Tommy Runar

Personal information
- Date of birth: 25 April 1982 (age 44)
- Place of birth: Grimstad Municipality, Norway
- Height: 1.84 m (6 ft 1⁄2 in)
- Position: Goalkeeper

Senior career*
- Years: Team / Apps / (Gls)
- 2002: Jerv
- 2003–2009: IK Start / 6 / (0)
- 2008: → Fredrikstad (loan) / 7 / (0)
- 2010–2012: Jerv / 42 / (1)

= Tommy Runar =

Norwegian footballer (born 1982)

Tommy Runar (born 25 April 1982) is a retired Norwegian football goalkeeper. Runar played for Jerv, joining Start in 2004. He spent the majority of the 2008 season on loan at Fredrikstad, serving as cover for Lasse Staw.
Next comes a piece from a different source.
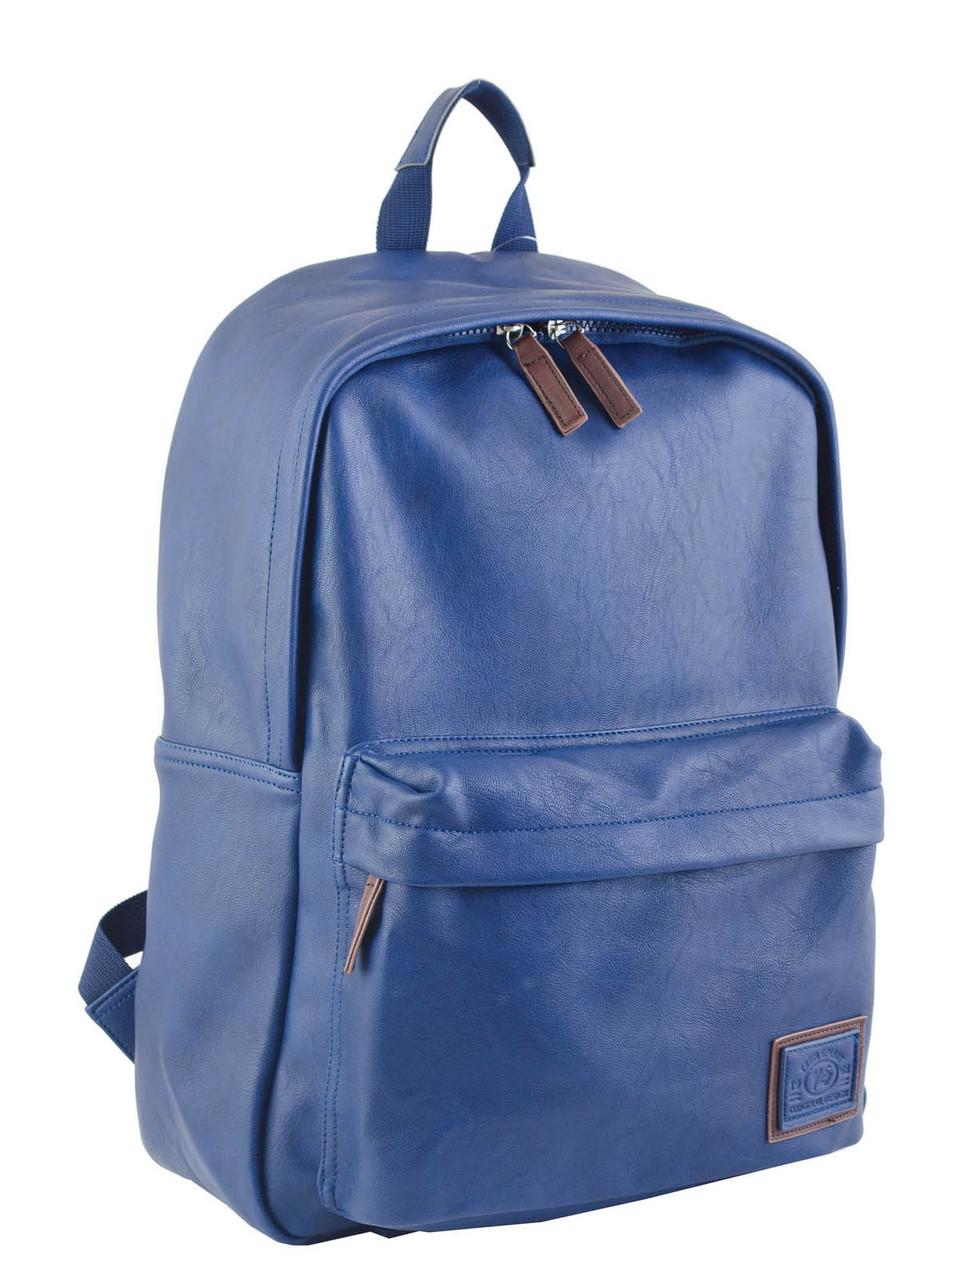 Рюкзак подростковый ST-15 Blue, 41.5*30*12.5

He retired after the 2012 season, and has since worked as goalkeeping coach for FK Jerv and Amazon Grimstad.

== Career statistics ==

| Club | Season | League |  | Cup |  |
| Apps | Goals | Apps | Goals |
| Start | 2004 | 1 | 0 | 0 | 0 |
| 2005 | 0 | 0 | 0 | 0 |
| 2006 | 2 | 0 | 0 | 0 |
| 2007 | 2 | 0 | 3 | 0 |
| 2008 | 0 | 0 | 0 | 0 |
| FFK | 2008 | 7 | 0 | 4 | 0 |
| Start | 2009 | 1 | 0 | 1 | 0 |
| Career total |  | 12 | 0 | 8 | 0 |

==Honours==

===Club===

Fredrikstad
- Tippeligaen:
  - Runner-up (1): 2008

==Personal life==
He is member of an Humanity Organisation Start Life Support and founded in Mbale, Uganda, a football camp, along with Kaspar Strømme.